- [Directions for this task] Copy the data exactly. Images are to be left out.
Segment Start: Given data
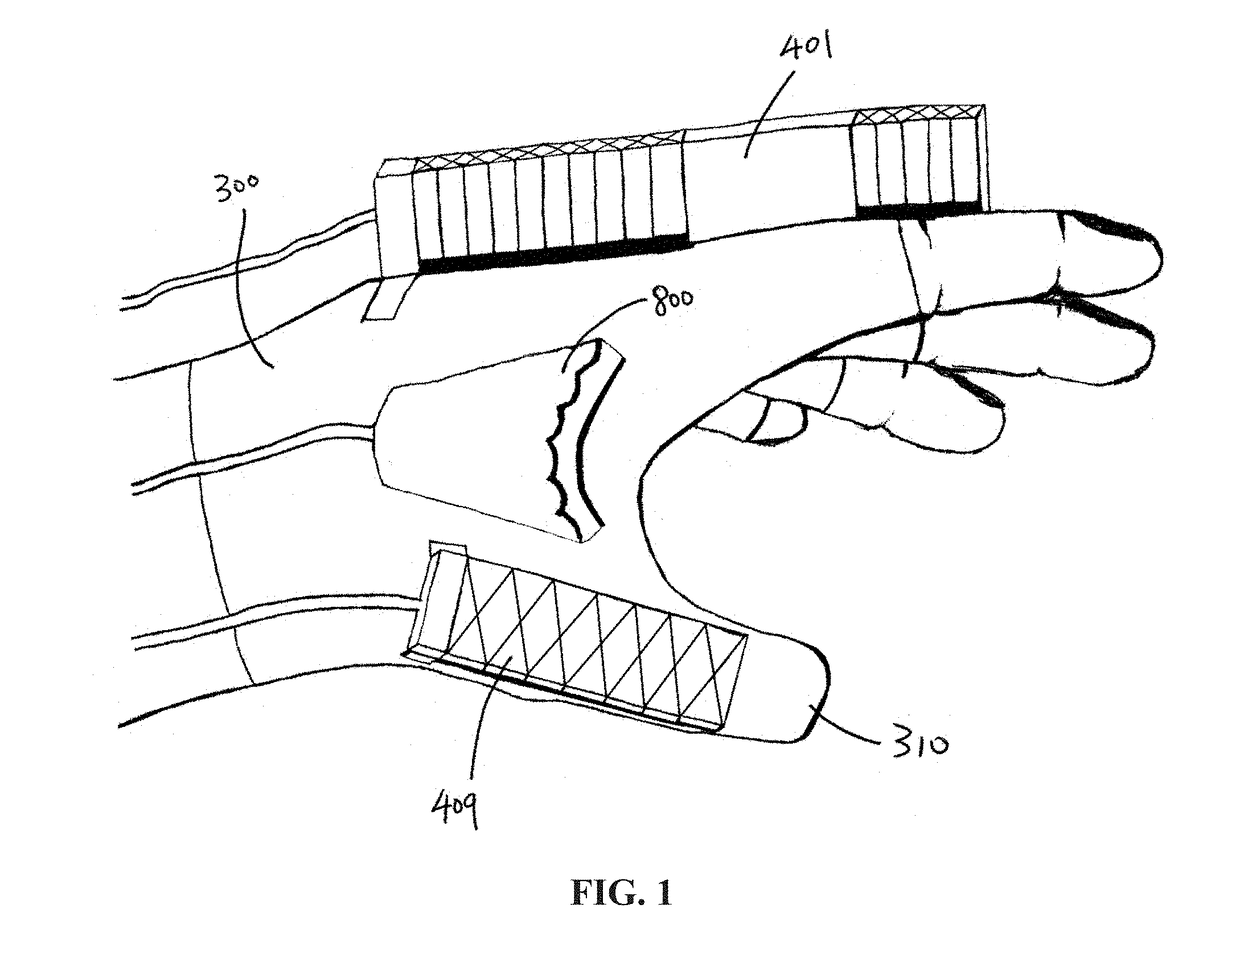 Flexibly driven robotic hands
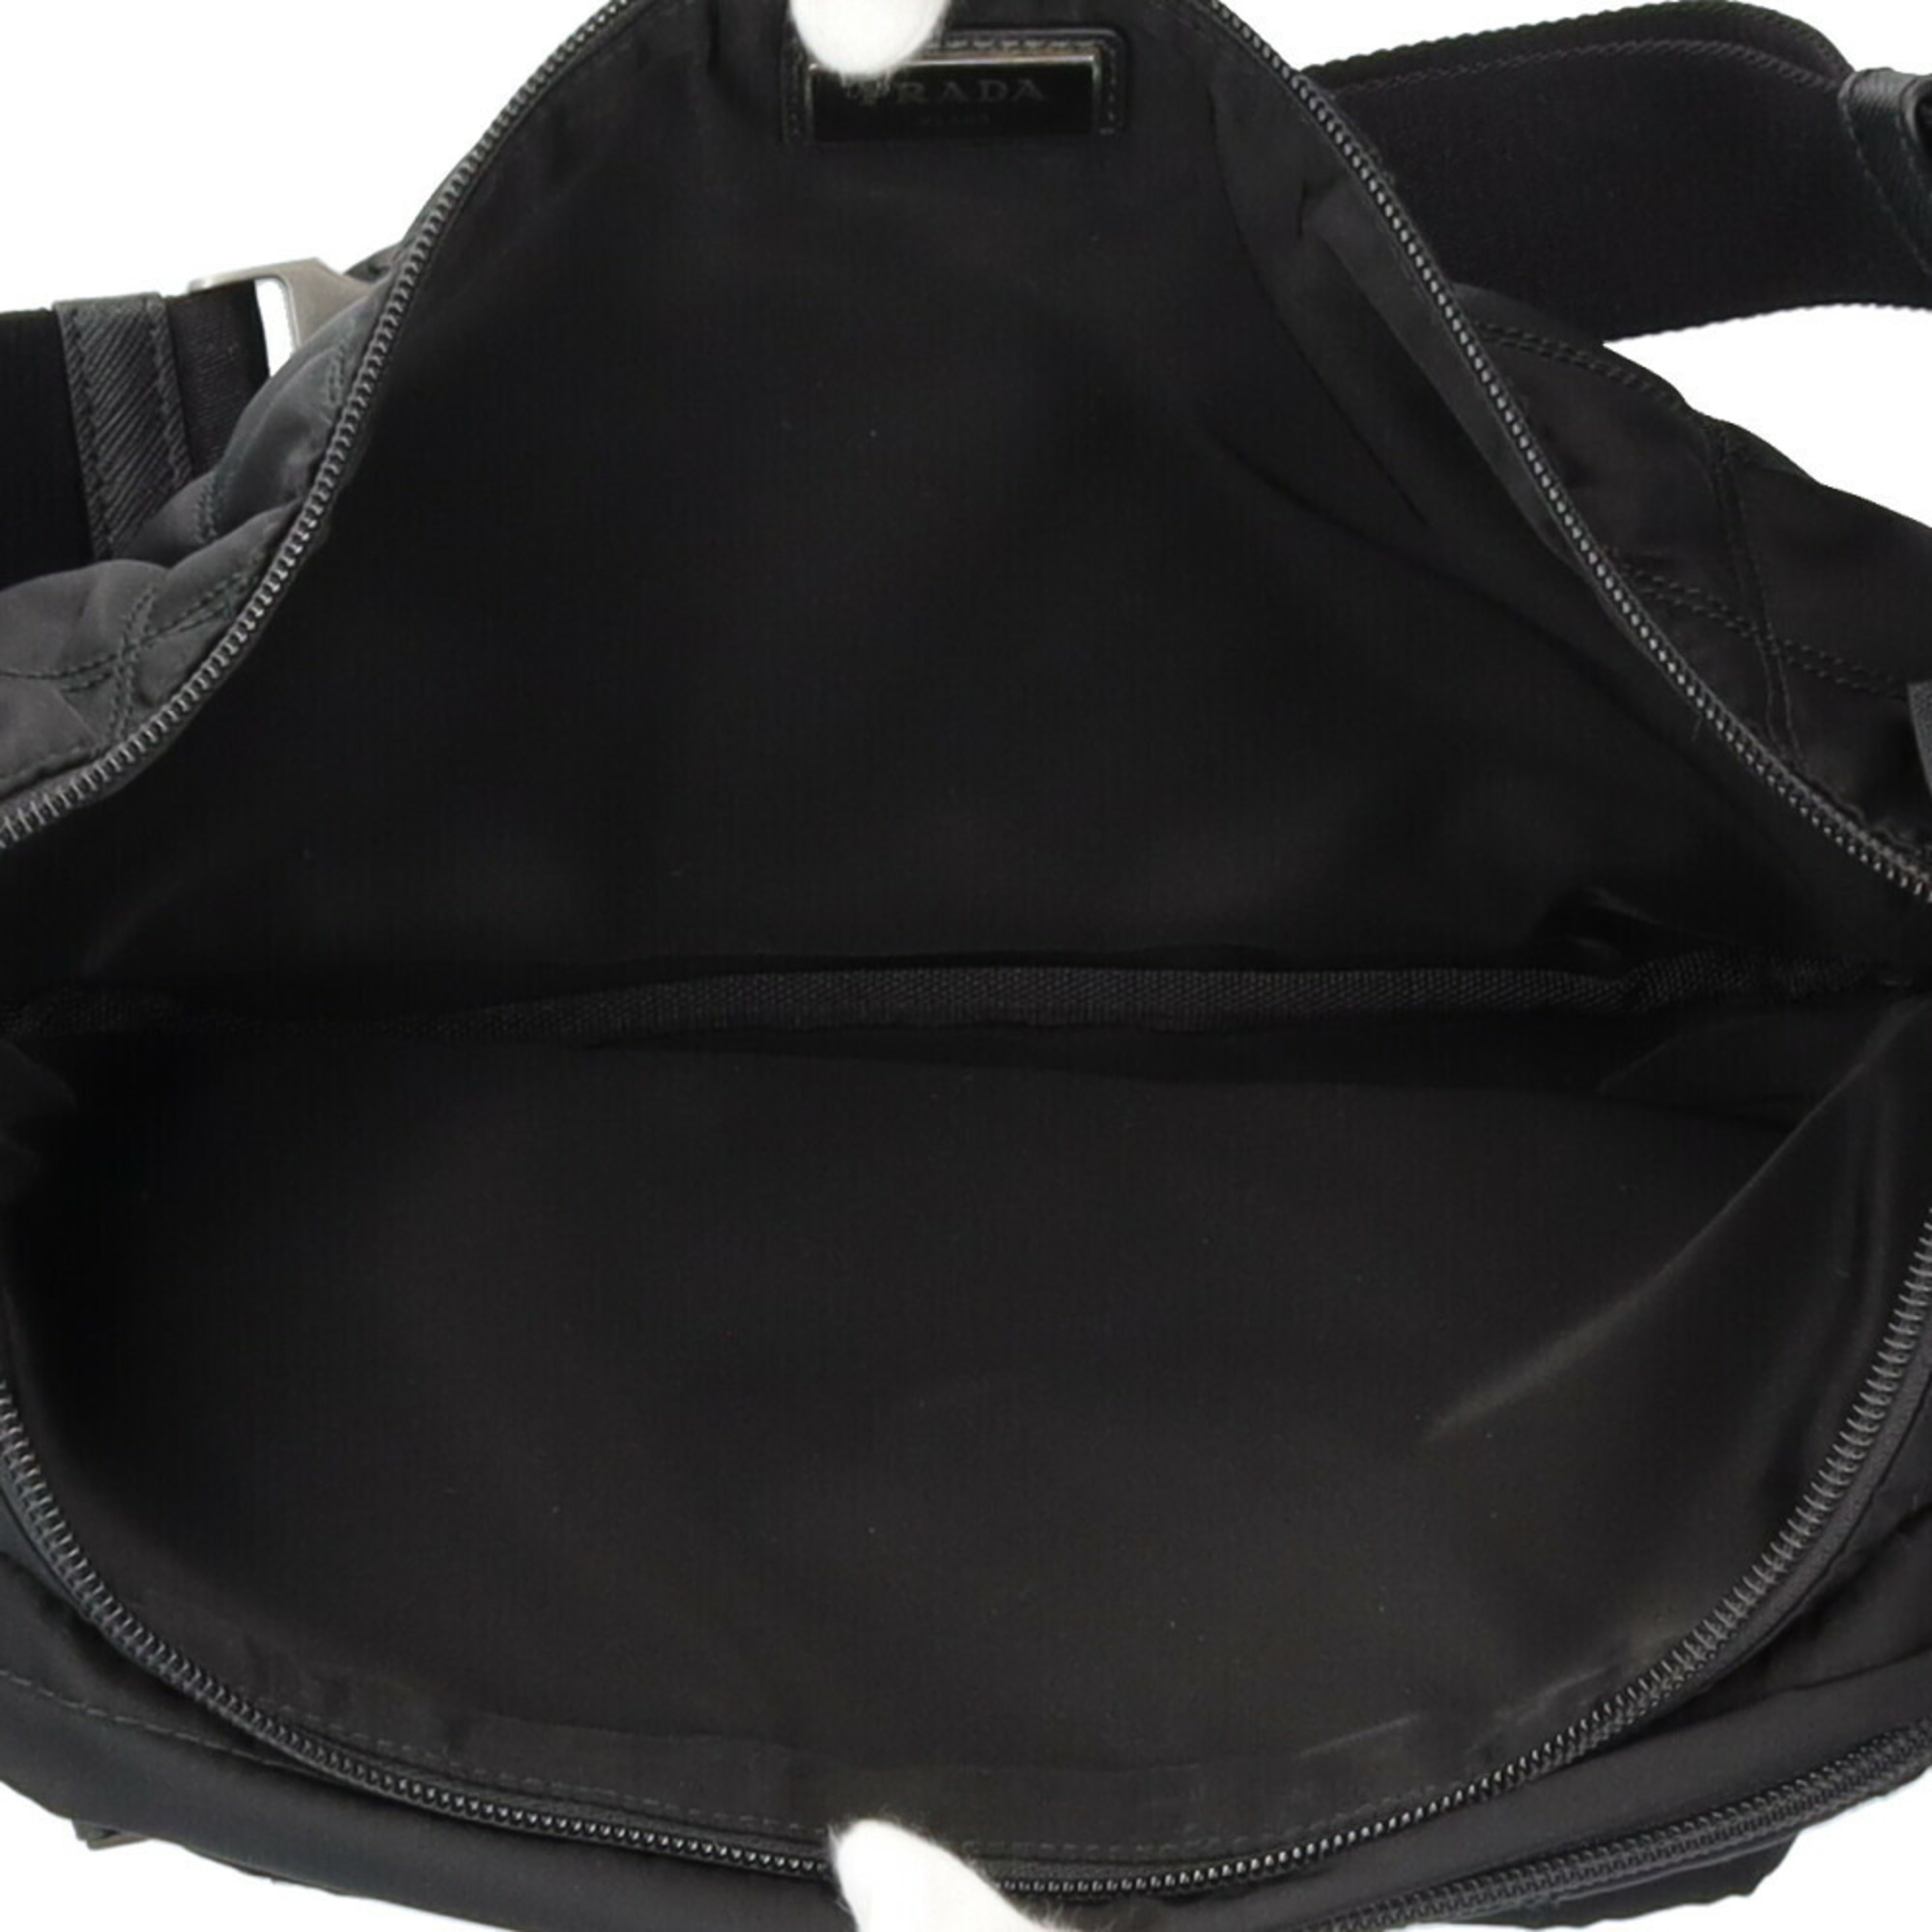 Prada Body Bag Nylon 2VL003 Black Women's PRADA
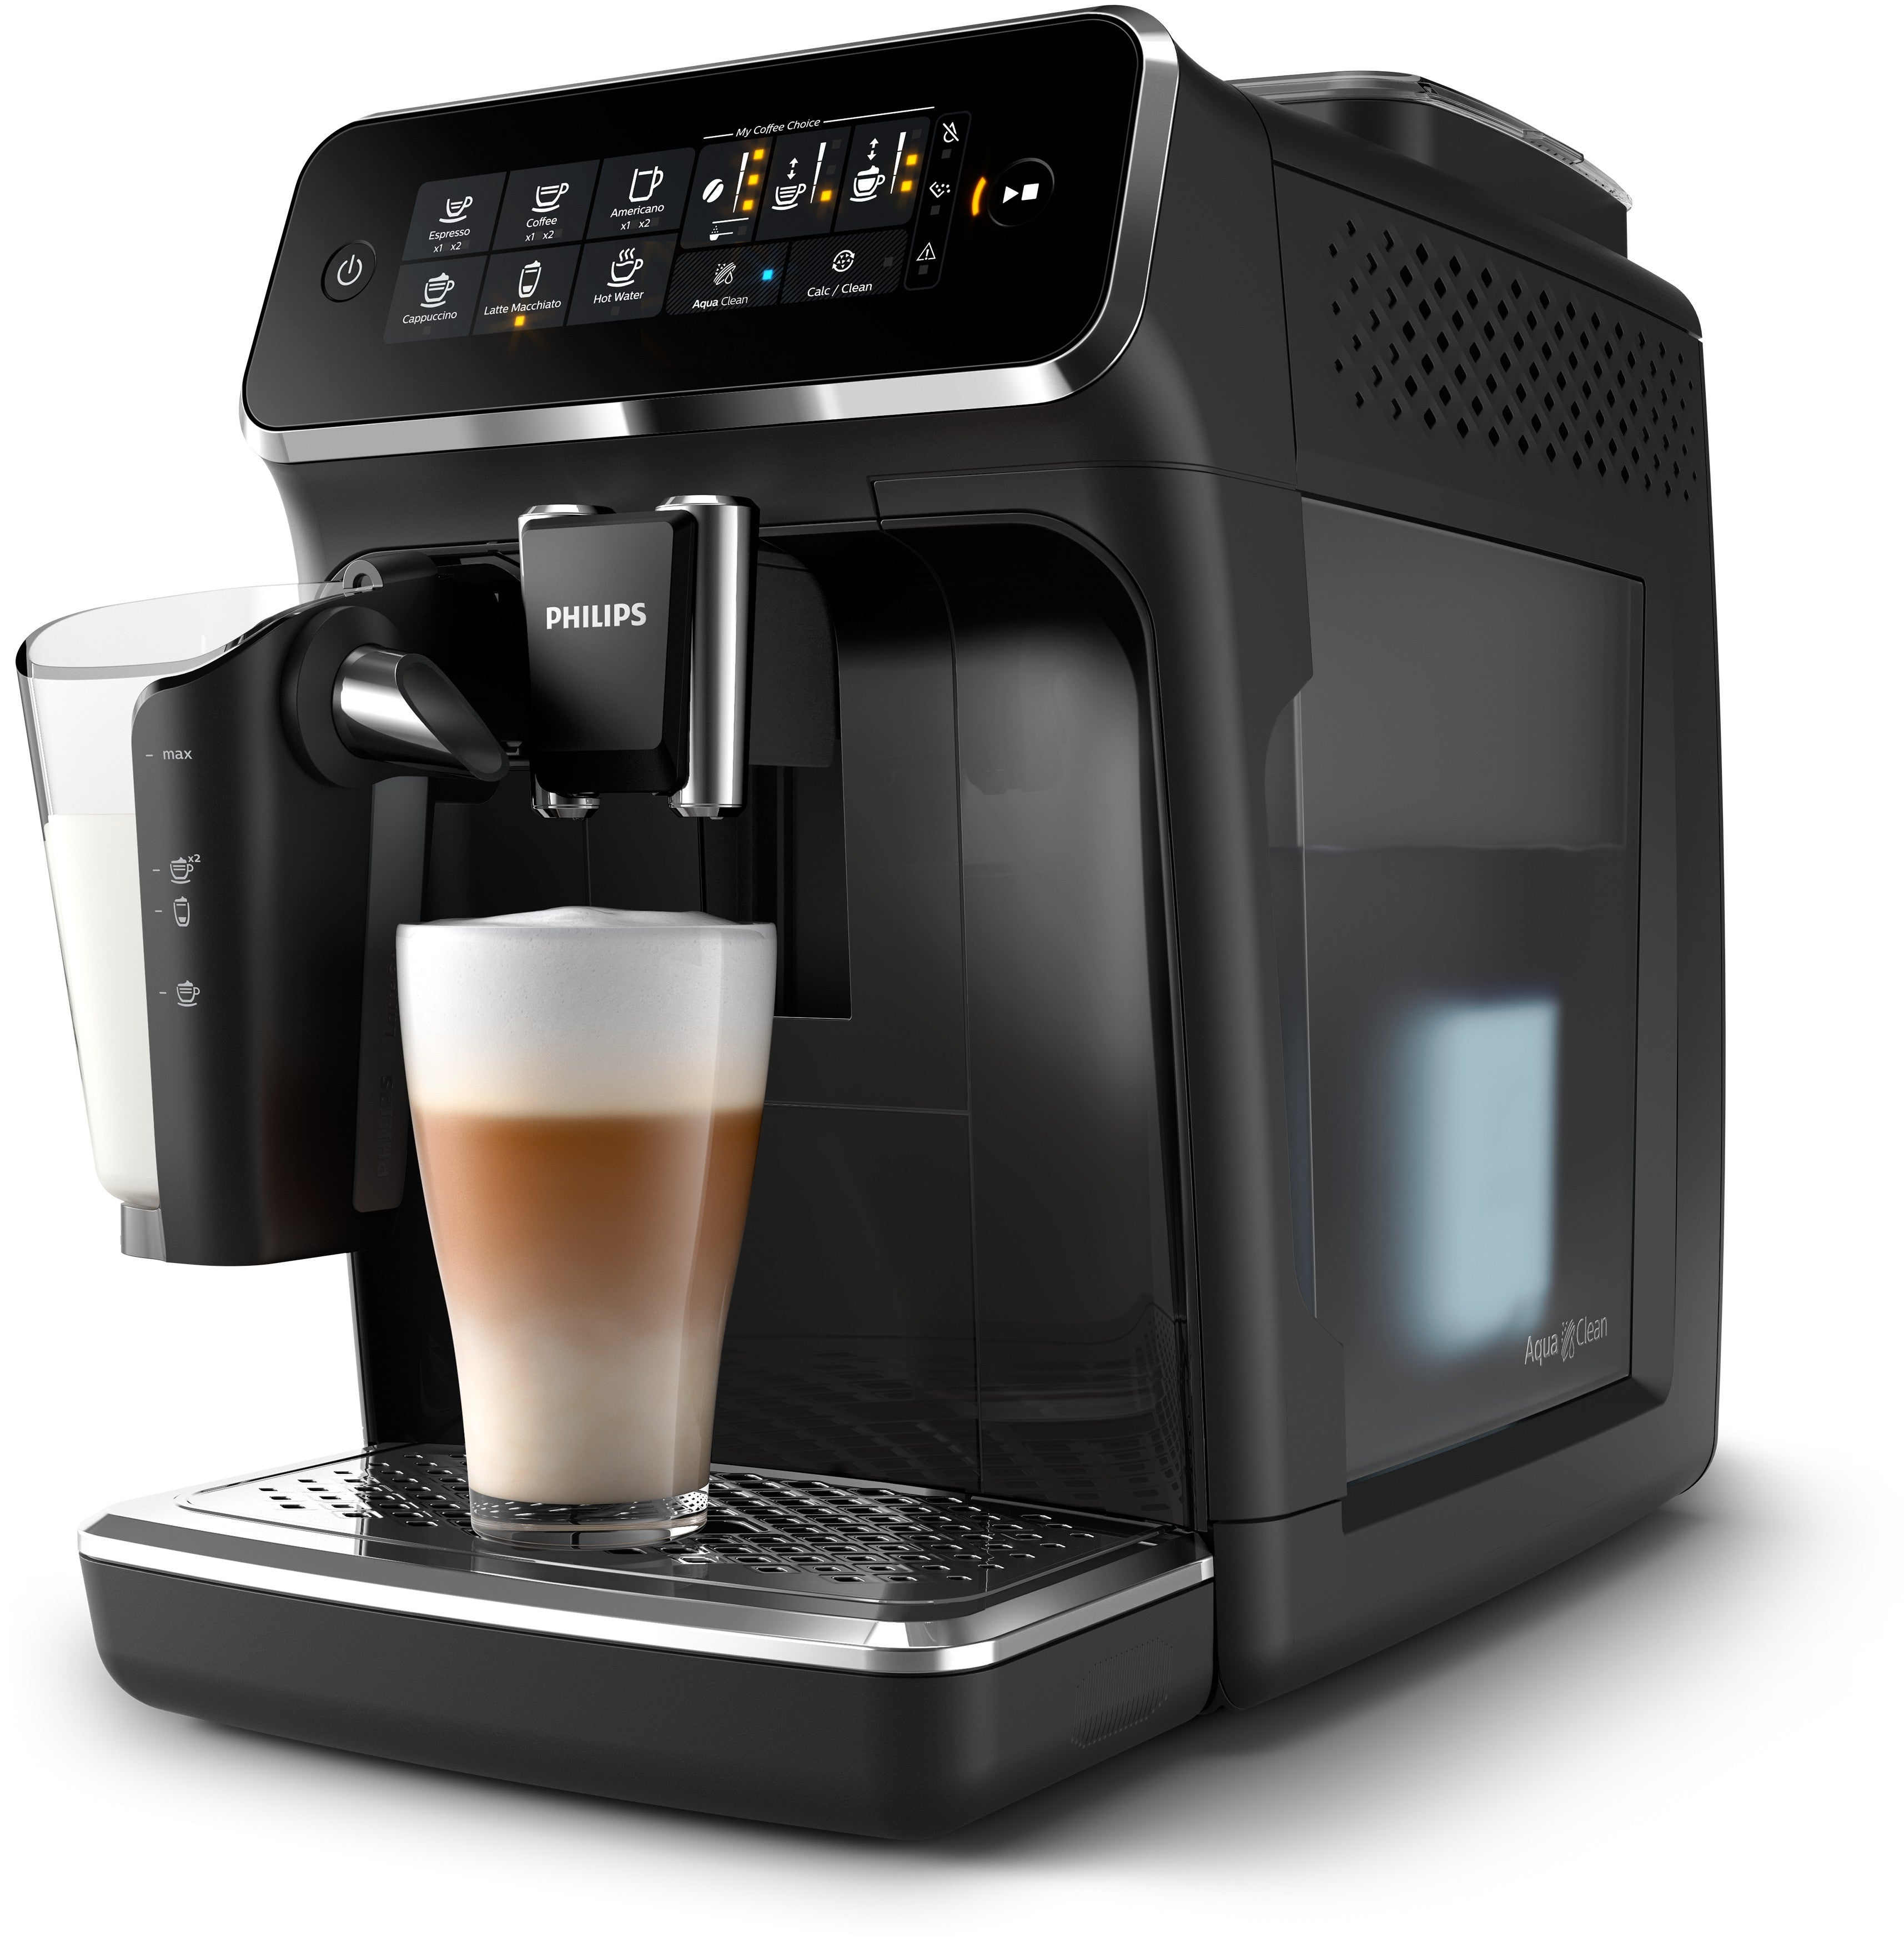 Machines à expresso et cafetières : latte, cappuccino, etc.
Segment End: Given data
- [Output of the exercise]
 Flexibly driven robotic hands
 Prada Body Bag Nylon 2VL003 Black Women's PRADA
 Machines à expresso et cafetières : latte, cappuccino, etc.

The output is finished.